Throughout the United States, community colleges offer Associate of Science (A.S.) degree programs in exercise science/personal training; this is the first step to becoming a personal trainer. Graduates may be certified with a Certified Personal Trainer credential from the American College of Sports Medicine and the National Academy of Sports Medicine.
A.A.S. Programs in Exercise Science/Personal Training
The study of the effects of exercise on the body, and human physiology in general is covered in an academic major termed as exercise science. Coursework covers the risks related to exercise, such as working with clients afflicted with health risks including heart disease, and the gains of exercise, such as weight loss and heart health. Coursework also focuses on ethics, professionalism, physical training safety, kinesiology, and individualized fitness plans. Admission criteria typically require applicants to hold a GED certificate or high school diploma, in addition to evidence of a physical exam done recently; programs may also require submission by students to a criminal background check and participation in internships.
Coursework includes a broad array of subject areas pertinent to personal training; students can expect to learn to establish a professional relationship with clients, and understand their individual needs. Coursework may include topic areas such as:
Job and Wage Outlook
In 2010, there were about 251,400 individuals employed as fitness trainers and aerobics instructors in the United States; (U.S. Bureau of Labor Statistics (BLS)), mainly hired by the amusement and recreation industries. A faster-than-average job growth rate of 24% has been projected for these professionals during the decade from 2010 to 2020; (BLS). In May 2012, these professionals took home an average annual wage of $31,720.
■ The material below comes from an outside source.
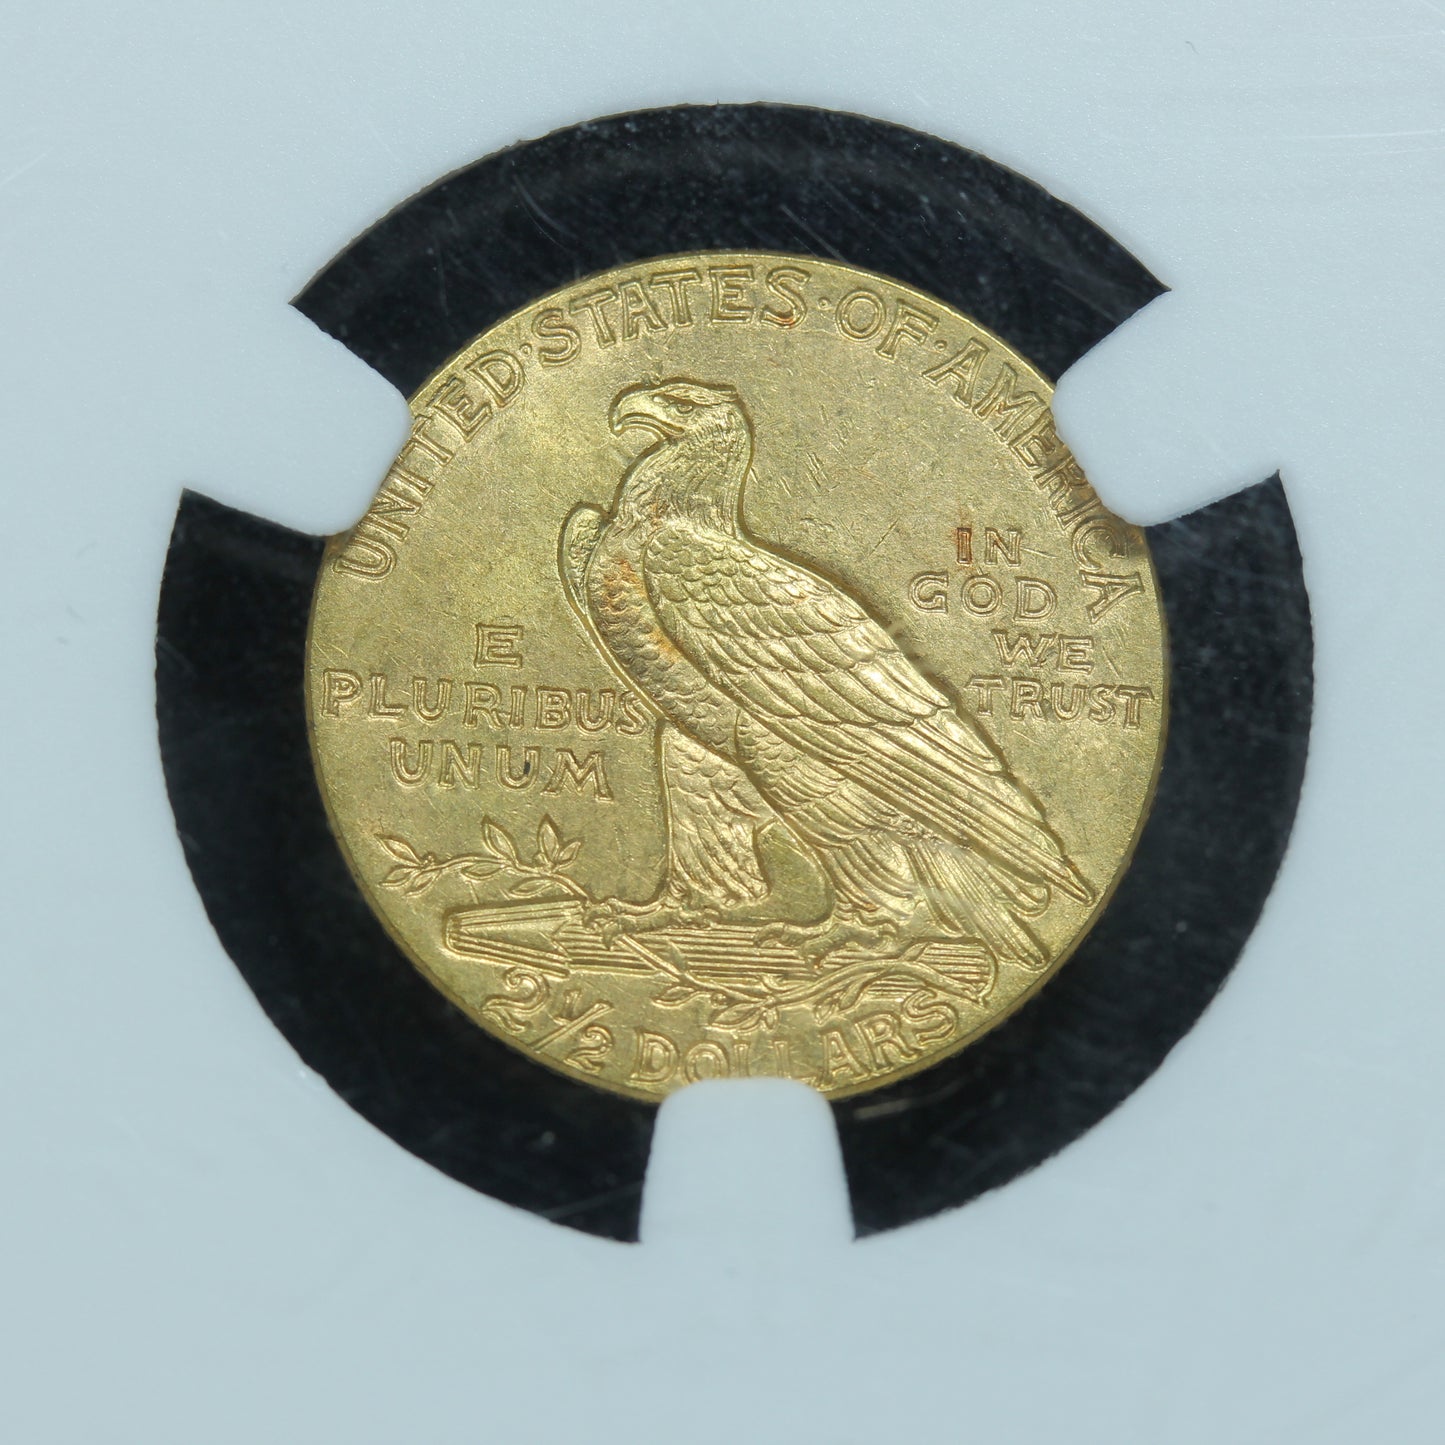 1928 $ 2.5 2.50 Gold Indian Head Quarter Eagle Coin - NGC MS 62

Certification and Continuing Education Choices
Those who successfully complete the program gain eligibility to take the National Academy of Sports Medicine’s Certified Personal Trainer (CPT) examination. Admission criteria to the exam require candidates to have AED (Automated External Defibrillator) and CPR (Cardiopulmonary Resuscitation) certification. They also have to maintain certification by completing continuing education credits every two years. The American College of Sports Medicine offers the CPT exam for graduates to take; the certification can be maintained by completing 45 continuing education credits every three years.